**Exercise instructions**
Don't include any picture when you restate the data word for word.

**Given information**
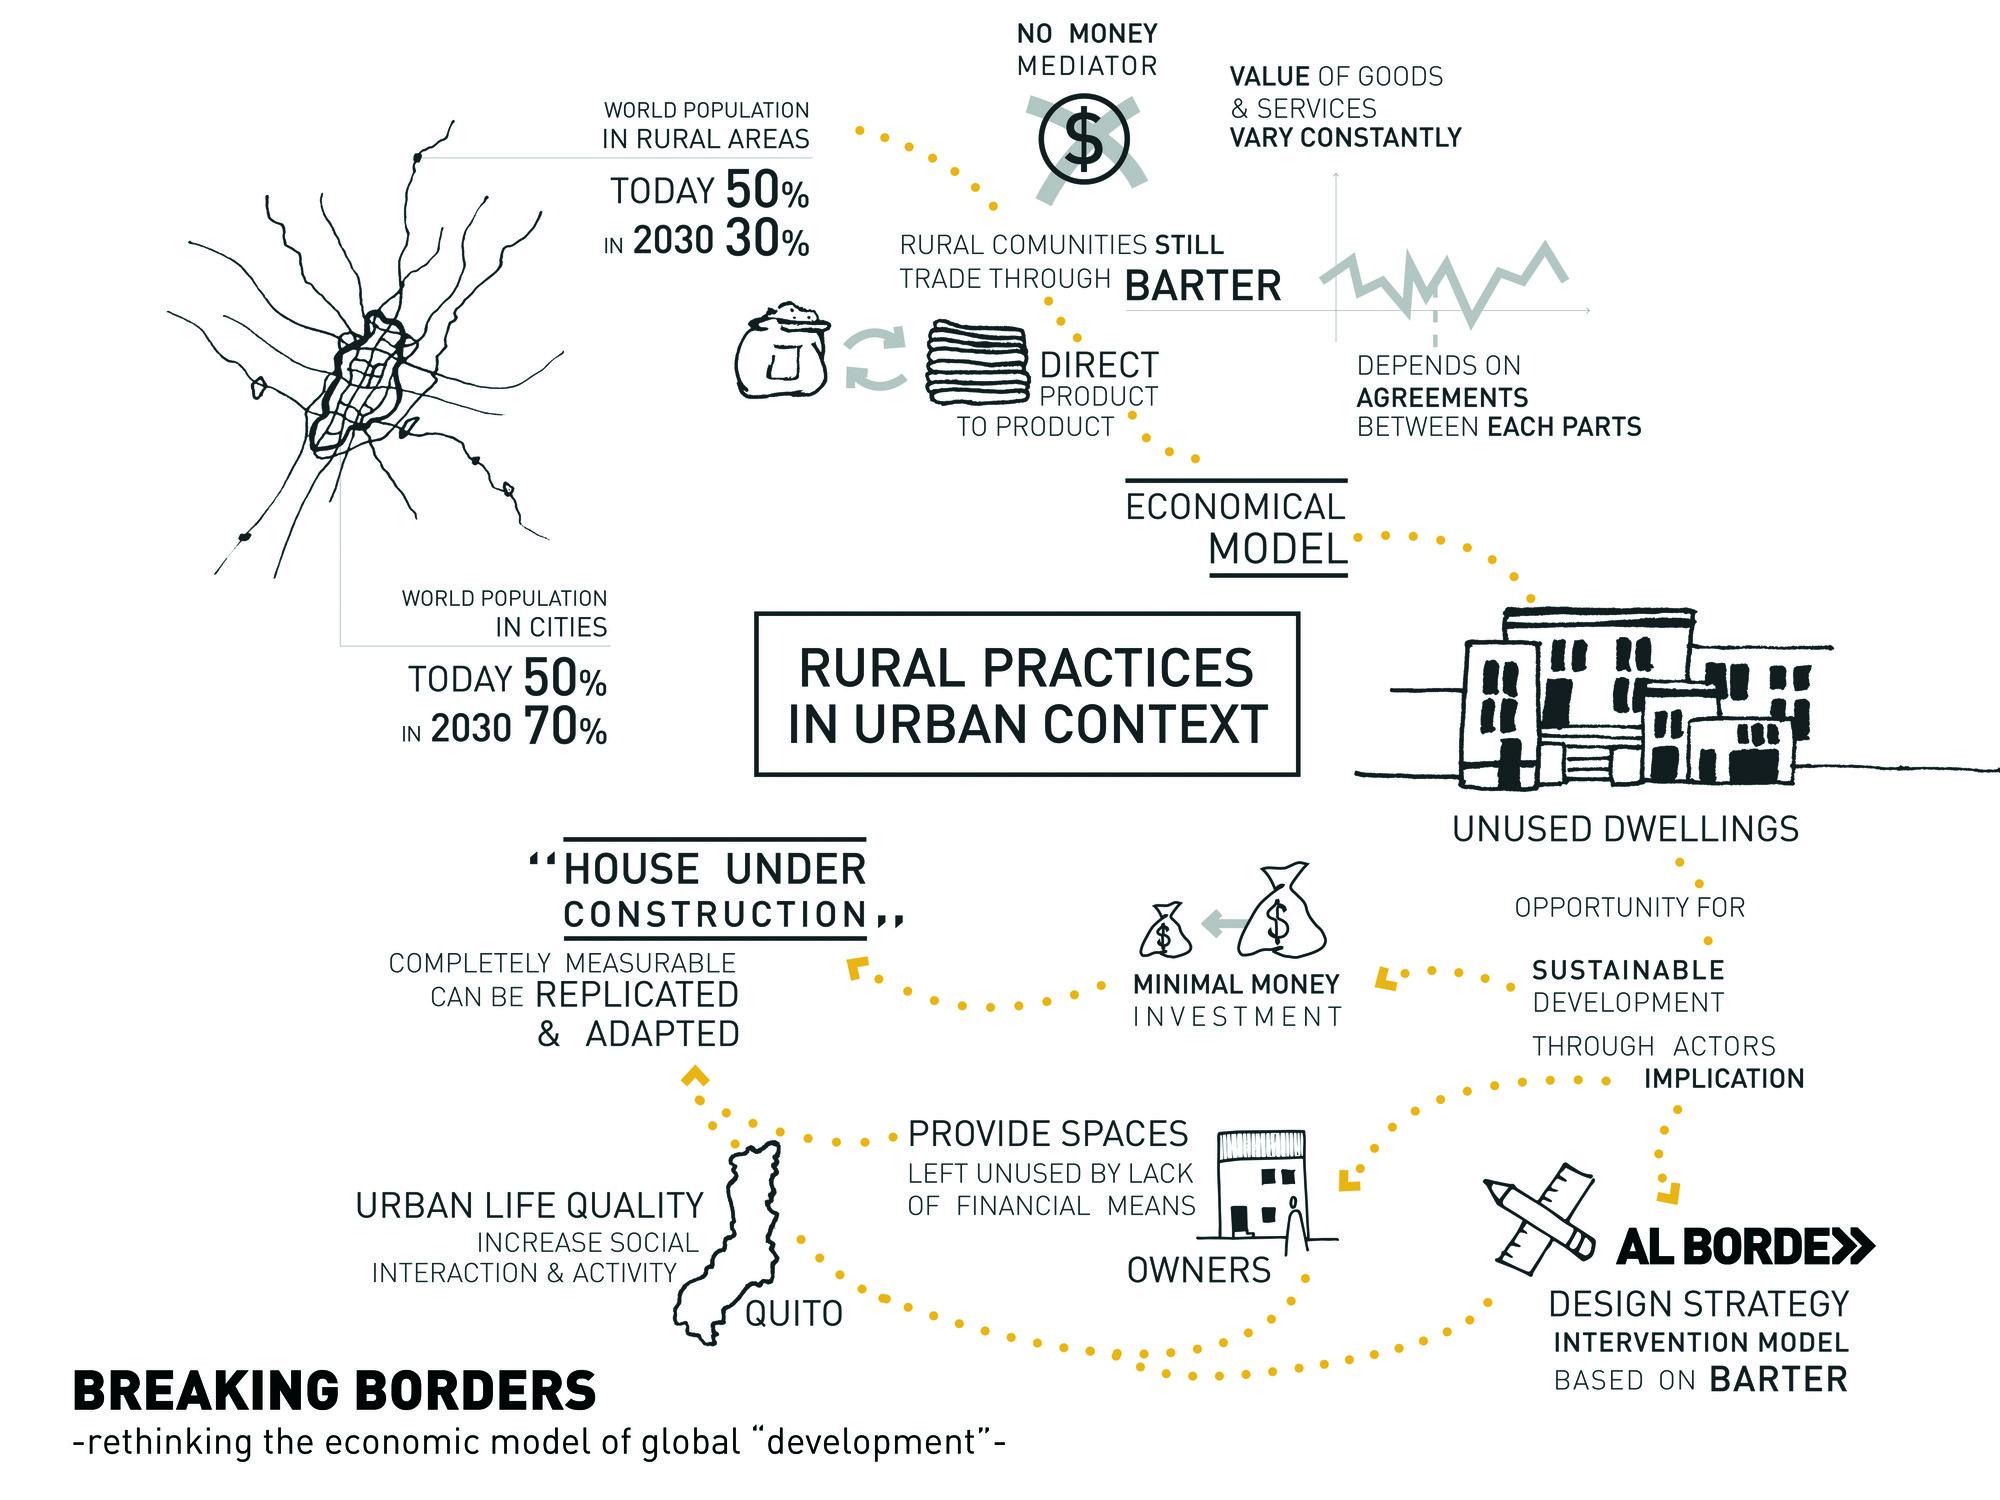 Acknowledgement: Under Construction / Al Borde. Image Cortesia de Fundación Holcim
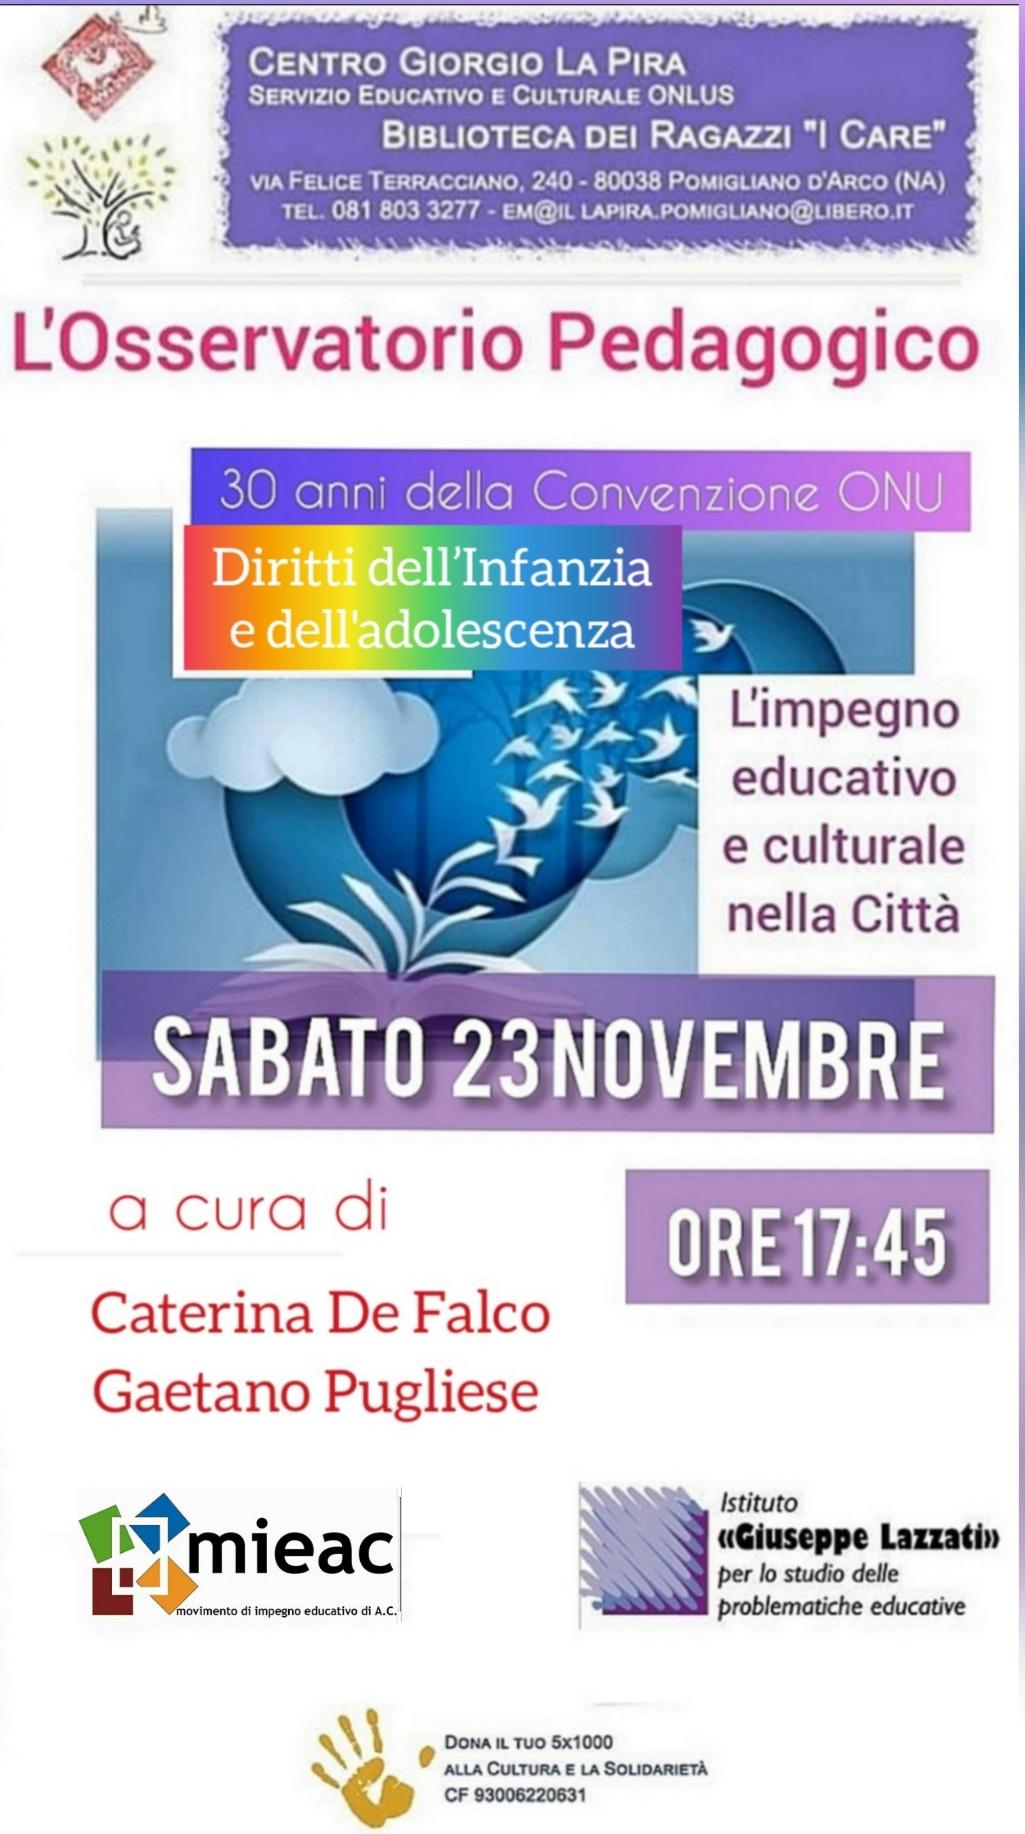 Via Romani Pomigliano D Arco centro giorgio la pira & biblioteca dei ragazzi i care
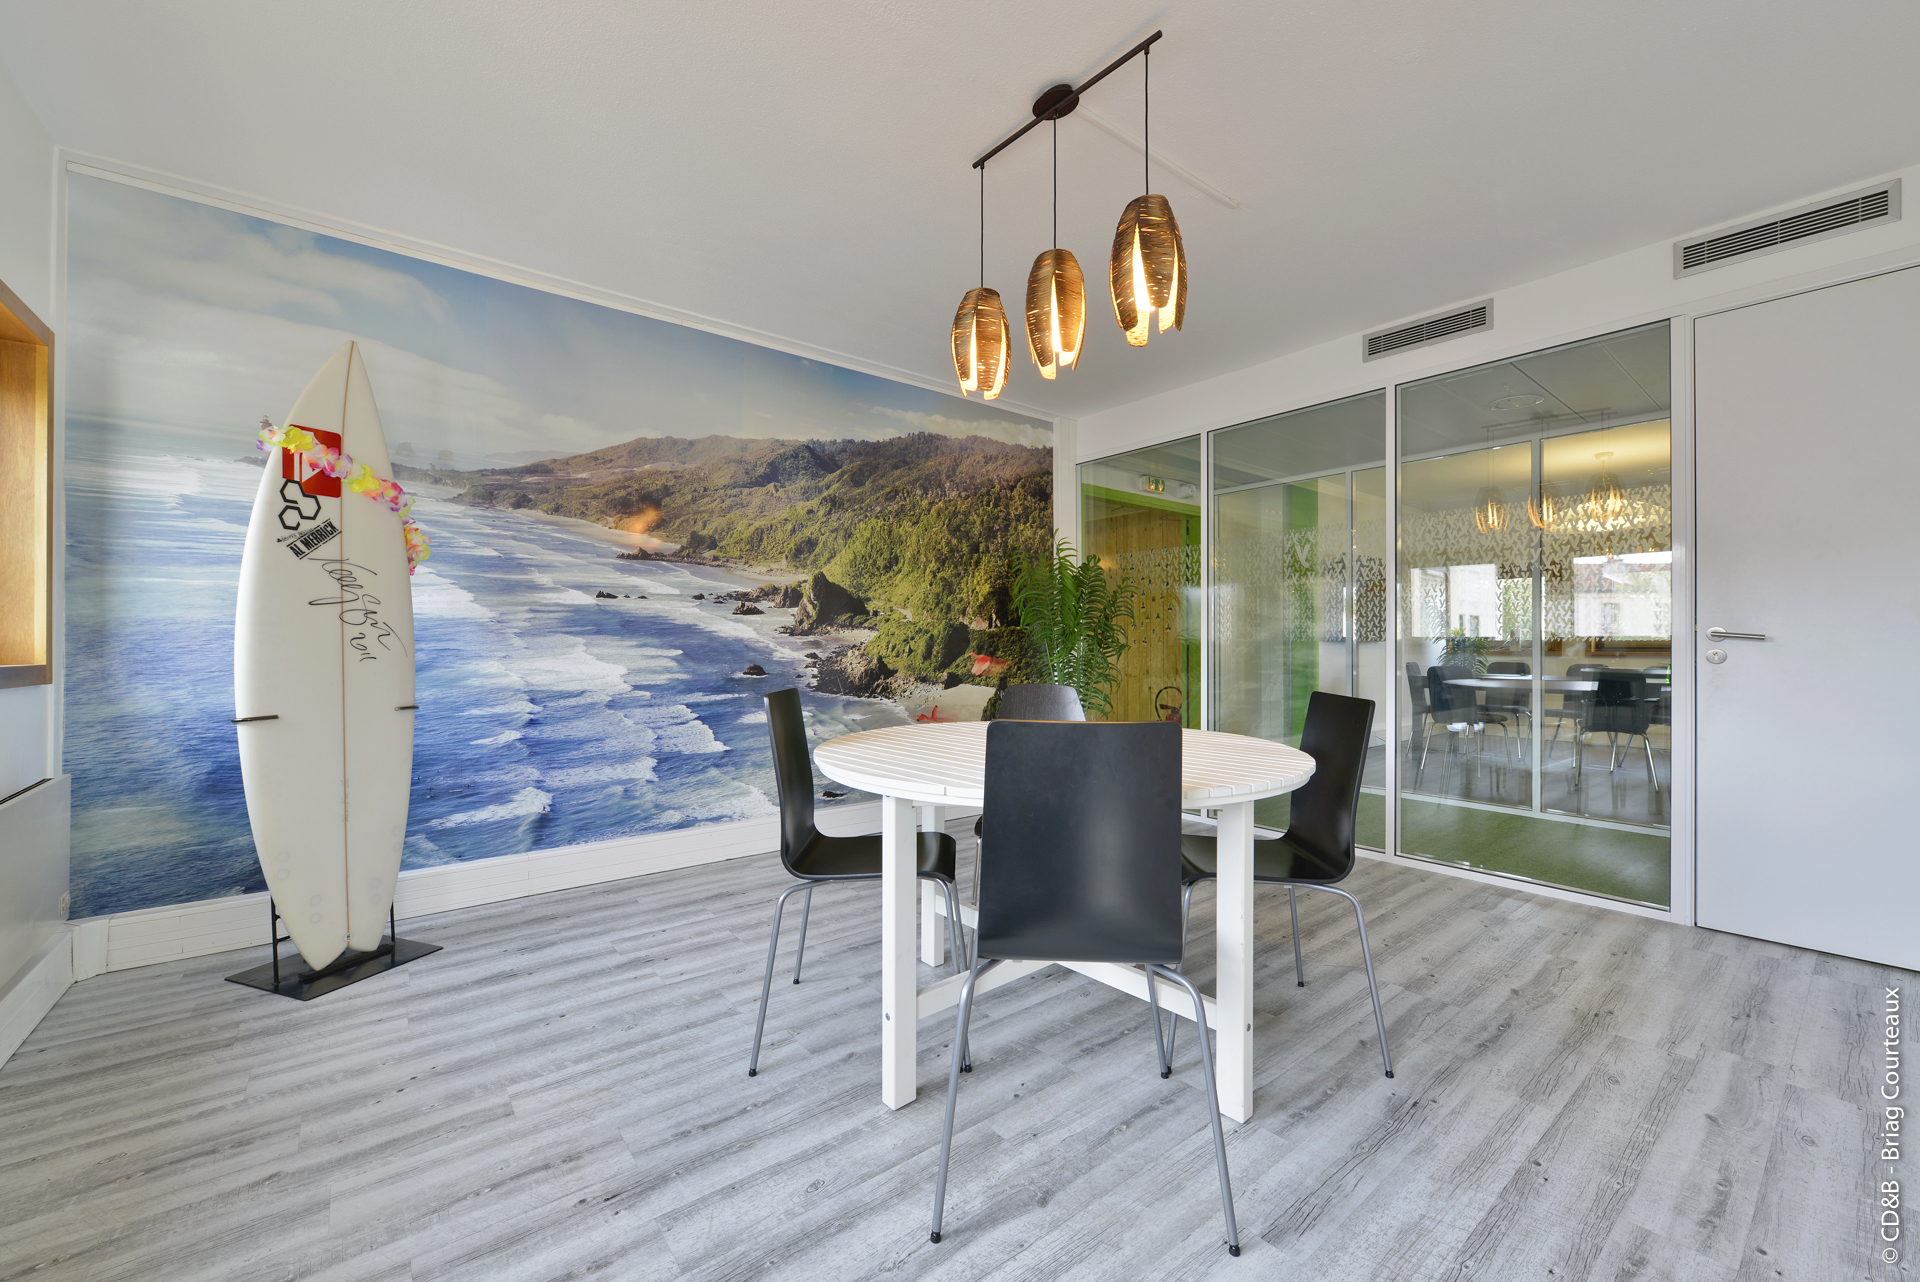 Conseil, aménagement, conception et réalisation des espaces de travail de la société Melty par CDB, Meet you there.

**Output of the exercise**
 Acknowledgement: Under Construction / Al Borde. Image Cortesia de Fundación Holcim
 Via Romani Pomigliano D Arco centro giorgio la pira & biblioteca dei ragazzi i care
 Conseil, aménagement, conception et réalisation des espaces de travail de la société Melty par CDB, Meet you there.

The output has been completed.